We have experience with all of these scenarios and know how to help people adjust to and effectively address whatever changes or life events have led them into therapy. We work with clients to set clear goals, teach communication enhancement and apply relevant psychological theories to help them meet their stated goals and build happier and more fulfilling lives.
Individual psychotherapy facilitates the development of insight about the underlying causes of depression and anxiety that may be holding one back from leading a productive and fulfilling life. Through establishing clinical goals and practicing new behaviors, adults can begin to reduce depression and anxiety, build self-esteem, and develop a productive self-identity.
Symptom Reduction and Substantive Change The first phase of therapy typically targets specific symptoms such as anxiety and depression. For some clients, therapy is brief and concludes once the early sessions help you get a handle on these symptoms. Other clients then choose to continue and focus on more substantive long-term changes that target both the internal and the relational experience.

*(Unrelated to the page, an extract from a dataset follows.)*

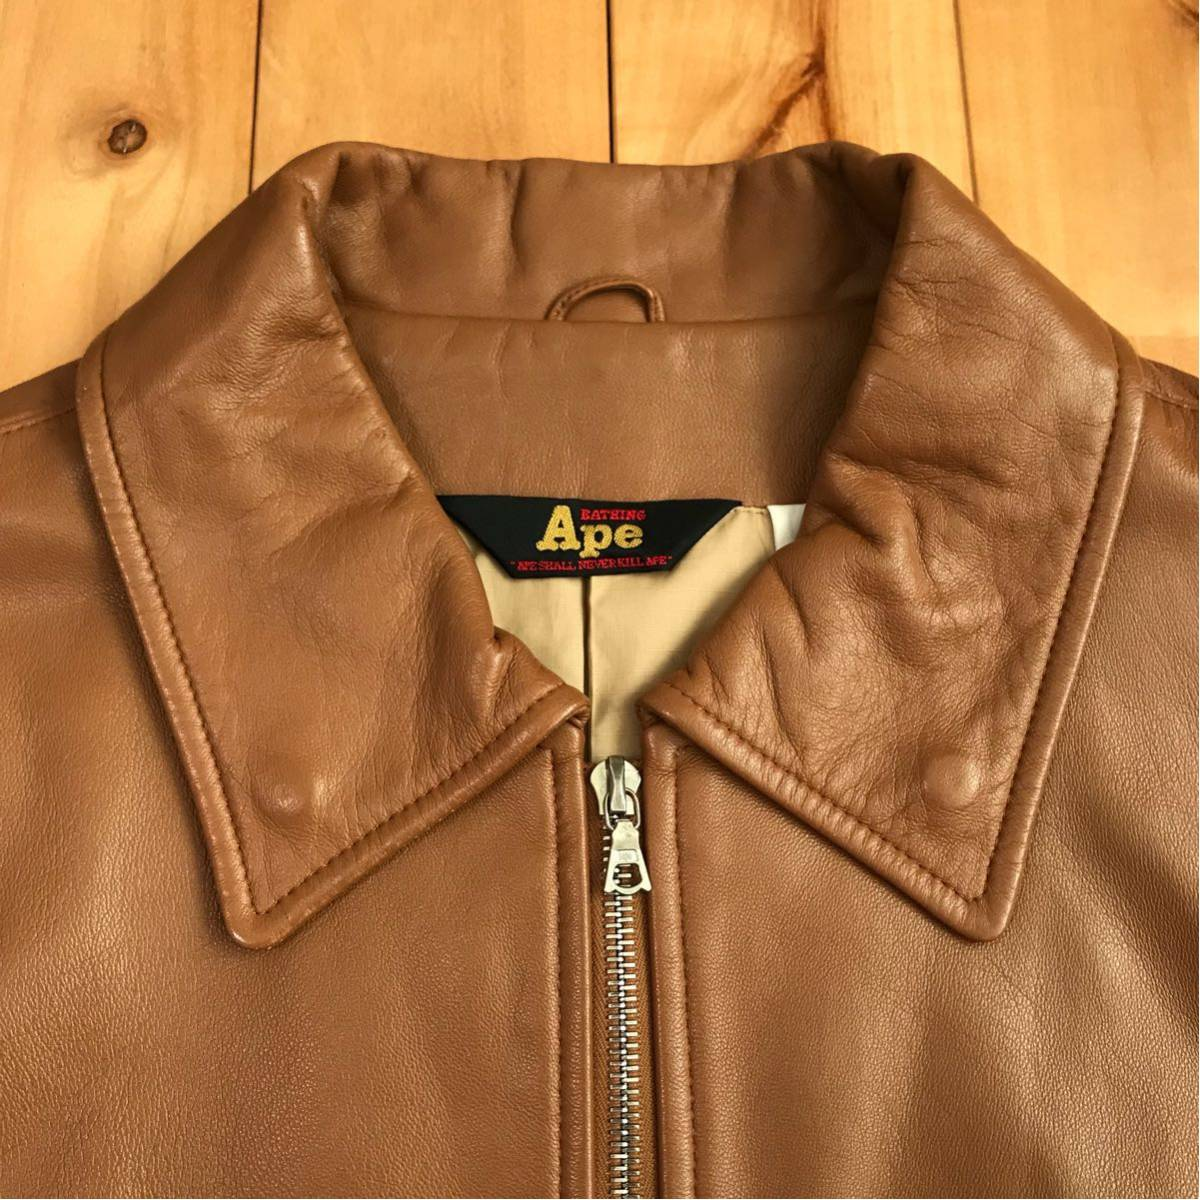 ★初期★ シープスキン ライダース ジャケット Mサイズ a bathing ape bape sheepskin leather jacket 羊革 エイプ ベイプ nigo レザー

Couples psychotherapy emphasizes strategies for understanding and reducing unproductive relational patterns, strengthening communication skills, and enhancing relational intimacy.
Couples frequently enter therapy because their career or child rearing demands have strained the marriage, because infidelity has occurred, because wedding planning is stressful, or because they need to improve their communication skills, rekindle their sex life or increase their degree of emotional intimacy. We have worked intensively and successfully with couples addressing each of these issues.
Couples begin by setting goals for areas in the relationship where they feel that change would be helpful. They work to gain insight about all that they contribute to their relationship. In other words, they pinpoint their part in what makes the relationship work well, and their part in the relationship’s challenges. Then, together, the couple works to build on the relationship’s strengths and address the challenges.
Our approach to couples therapy emphasizes that blame is not productive, and that sometimes a willingness to focus on yourself is the key to greater intimacy and happier relationships.
Communication enhancement is central to our approach to couples therapy, and we teach and practice various psychological theories and communication tools to help couples say what they need to say to one another in healthy, kind, thoughtful ways.